This repository contains the recipe, data, etc. used to perform the various analyses when examining human macrophages infected (or not), drug treated (or not) with two zymodemes of Leishmania panamensis.
In two potentially important ways this repository does not completely meet my definition of a reproducible image:
- The recipe explicitly uses the already-built image of hpgltools in the parent recipe: https://github.com/elsayed-lab/hpgltools_singularity This image was digitally signed (by me) and uploaded to the singularity hub: https://cloud.sylabs.io/library/abelew/hpgltools/hpgltools.sif Thus, I am not sure if another person can prove that I didn't do some shenanigans inside that parent image. However, I do clone the repository into /hpgltools within the resulting container, so one may trivially go into it and look around and see the state of the codebase.
- In earlier revisions of this and its sibling images, I use an explicit git commit of hpgltools to make absolutely certain that the resulting image used a known state of that repository. Given that I am using the prebuilt image in #1, that is no longer true.
- I didn't add the actual data yet to the repository. Once the manuscript is (close to?) finished, I will perform the git add of the 'data/' tarball.

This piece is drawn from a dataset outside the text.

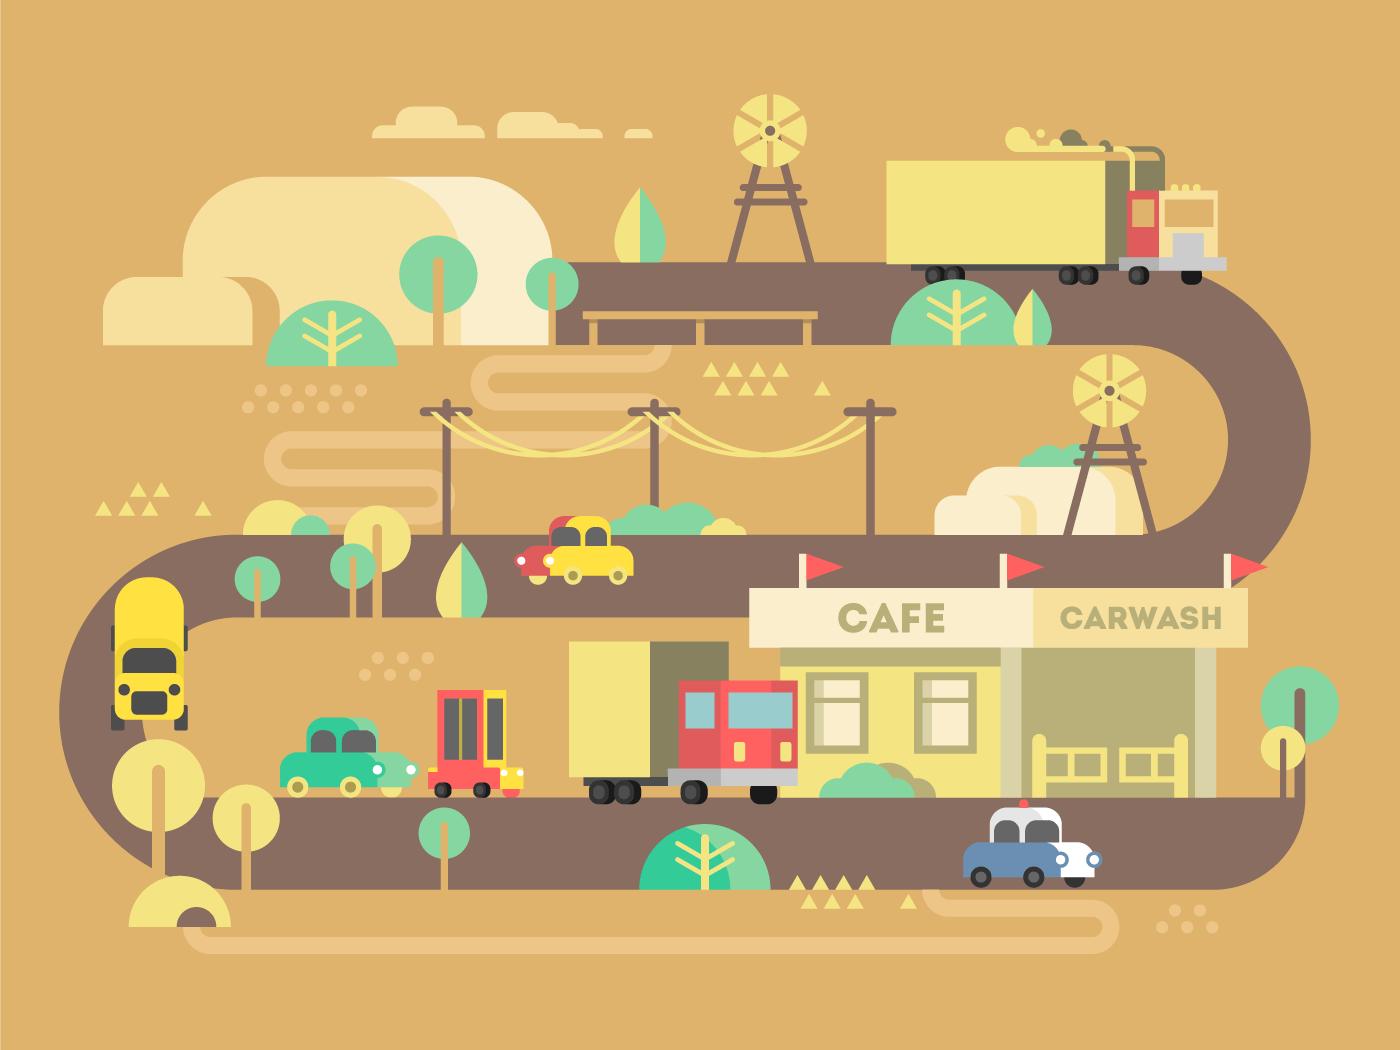 Roadside cafe flat vector illustration

- You must (for the moment) assume that I treated the raw data in a sane fashion. Once we have SRA IDs, I will create a recipe/image which may be used to explicitly create all the data used here, though that image will possibly not include the full installation of fastp,fastqc,trimomatic,samtools,freebayes,salmon,hisat,etc... I am not sure how I want to handle that yet.

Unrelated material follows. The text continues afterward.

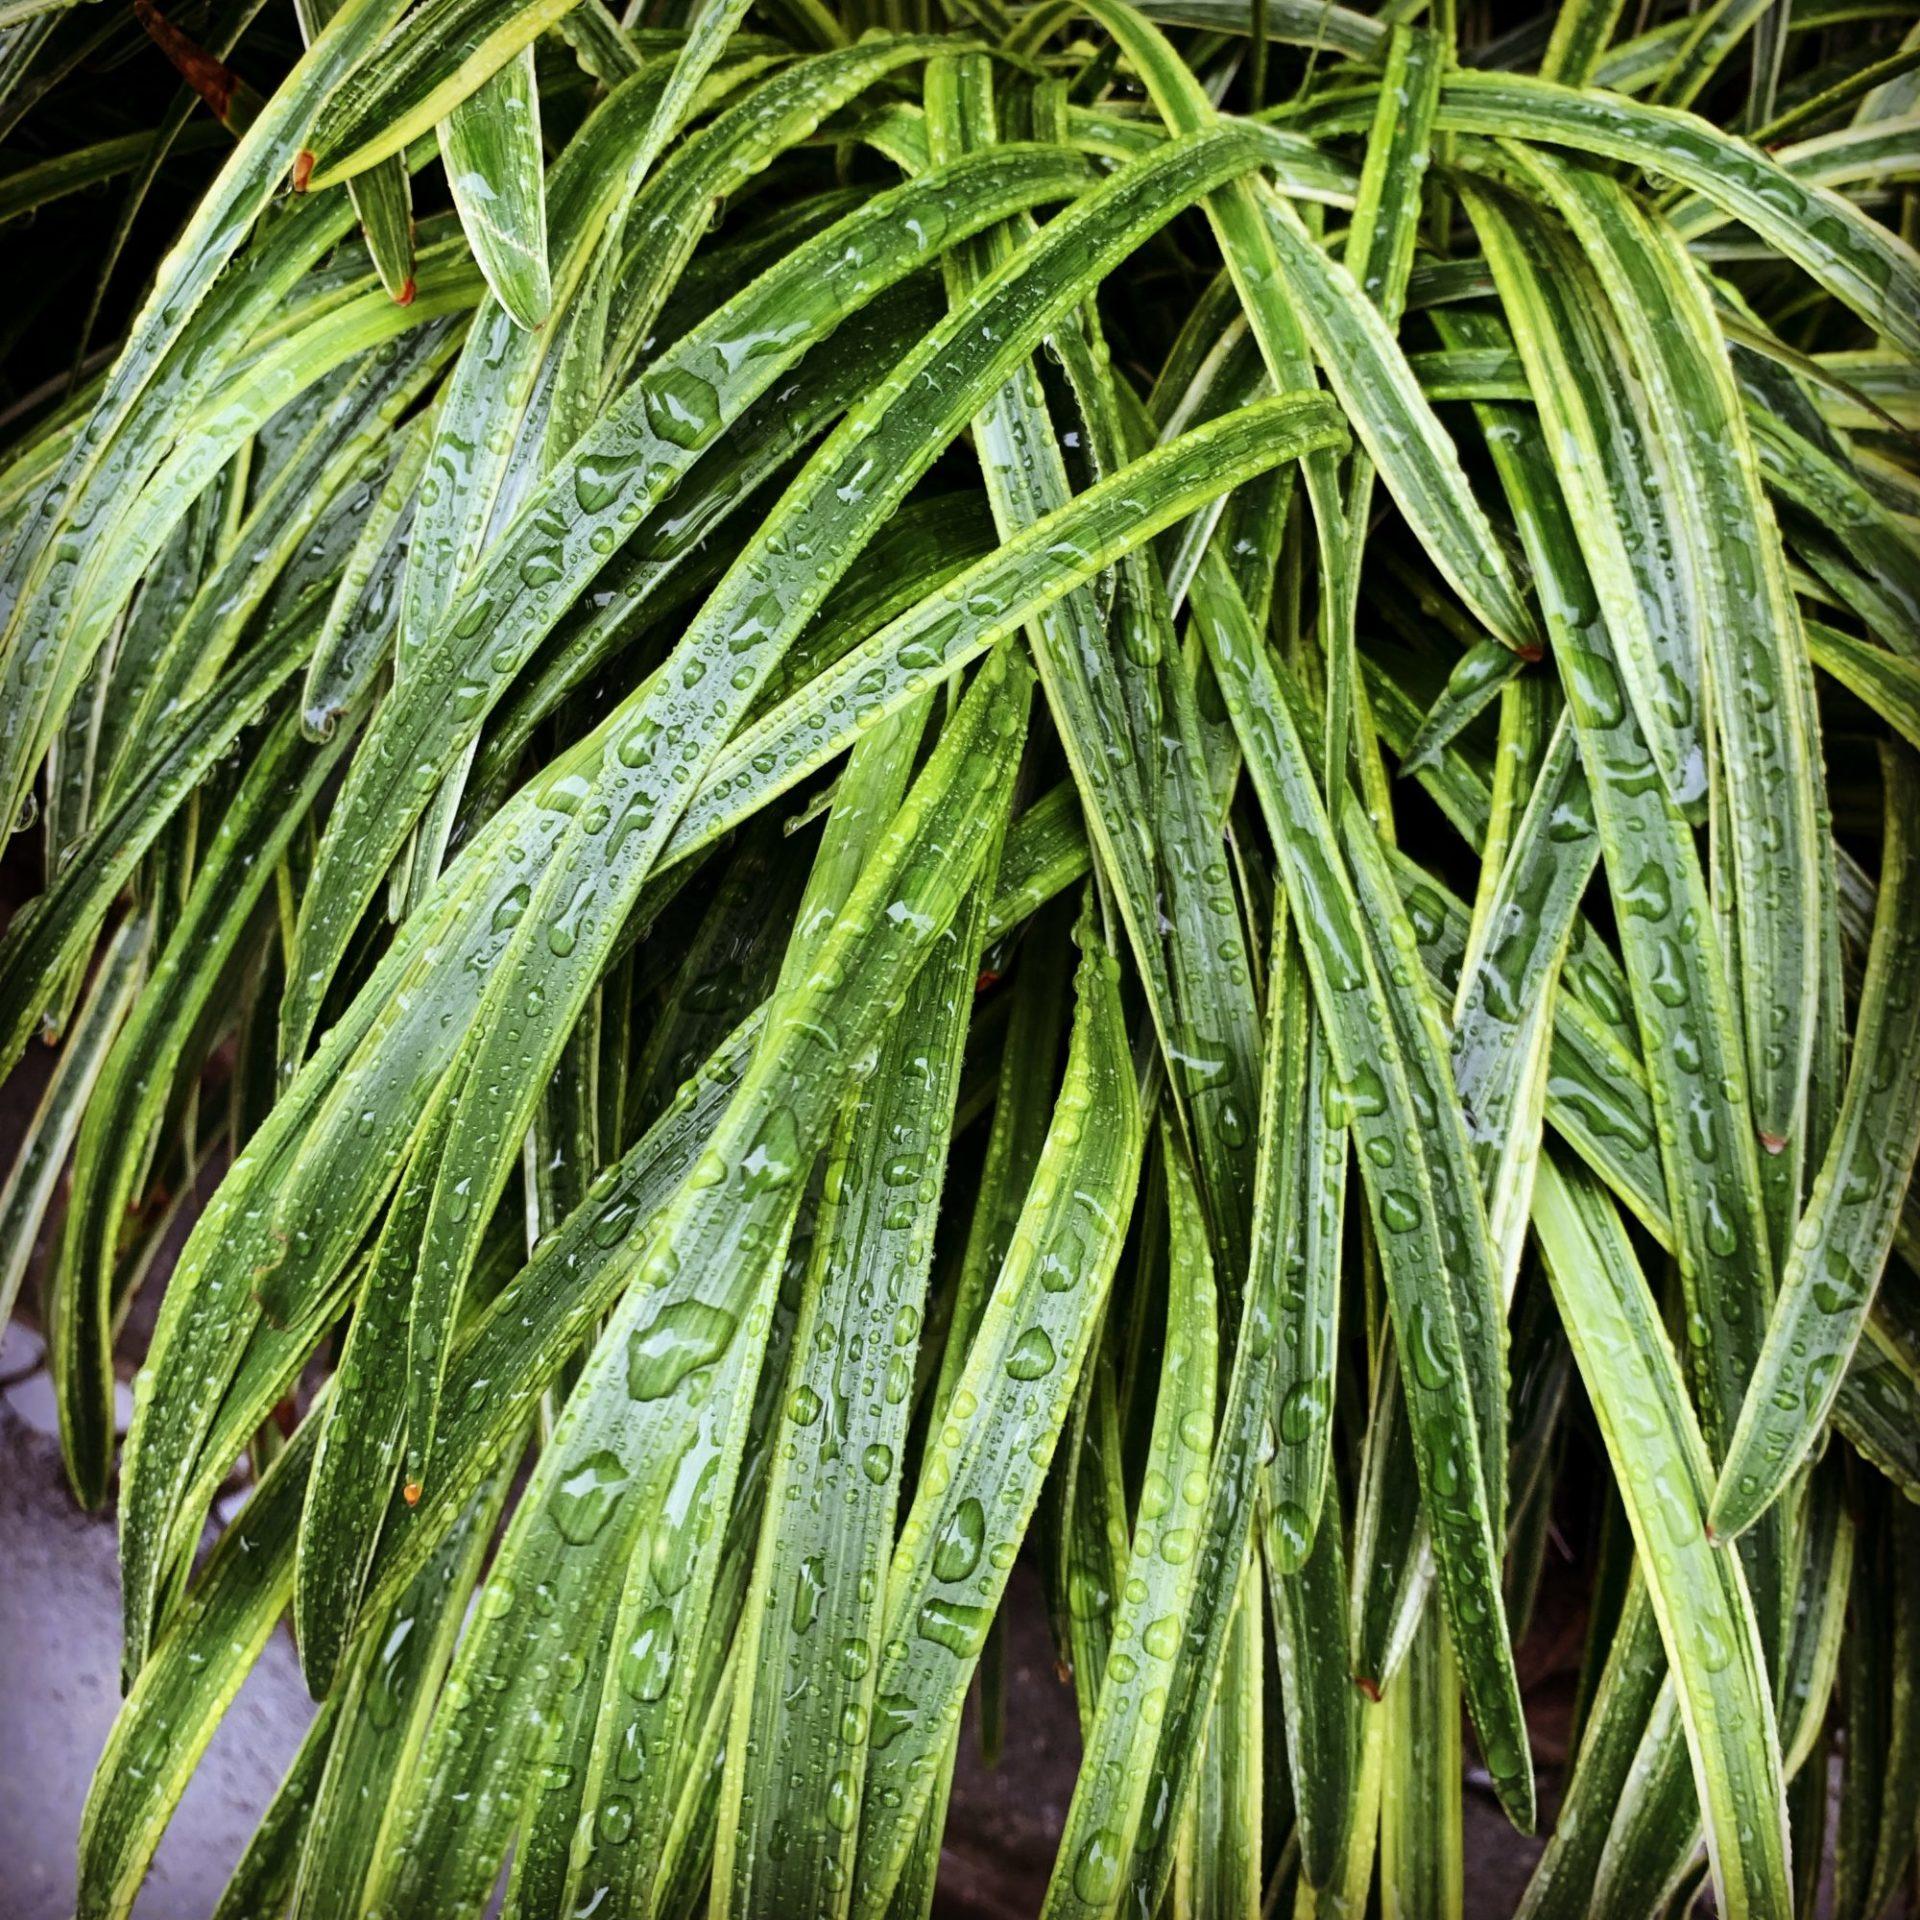 雨に濡れていた葉っぱ

If one is willing to overlook these two caveats, then I think this recipe nicely meets the definition of a reproducible codebase. It is also quite trivial to fix the above at the cost of a (much) longer build time:
- Go into the recipe.yml and change the second line to 'From: debian:stable' instead of the reference to library:// (oh, this image is not using that sylabs image yet, so I guess nevermind?)

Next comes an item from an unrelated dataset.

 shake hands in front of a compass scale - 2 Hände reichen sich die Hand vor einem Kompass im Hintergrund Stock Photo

- Change the local/bin/setup_hpgltools.sh so that the variable 'commit' points to the git commit ID of interest.
- Clone the repository.
- run 'make tmrc2_macr.sif' or 'sudo singularity build tmrc2_macr.sif tmrc2_macr.yml'
- wait a while.
- The resulting .sif file may be run as a standalone executable. It currently assumes the user set the SINGULARITY_BIND environment variable to something like 'SINGULARITY_BIND=.:/output' so that it may write its set of rendered html reports to the current working directory. Assuming that is true, it will create a new tree with a prefix of '$(date +%Y%M)' and put them there. It also copies the input data, sample sheets, etc there for one to play with.
A change in devtools caused me to change how I install the various dependencies/prerequisites. This in theory should be more robust, but in practice is a big mess. It turns out that there is a significant population of packages which worked in 3.17 but not in 3.18. As a result I am now handling this in two passes: one where I allow devtools to install whatever version it chooses for each package -- these tend to be bioc 3.17. I then take a second pass via BiocManager::install() to update some/many to the 3.18 version.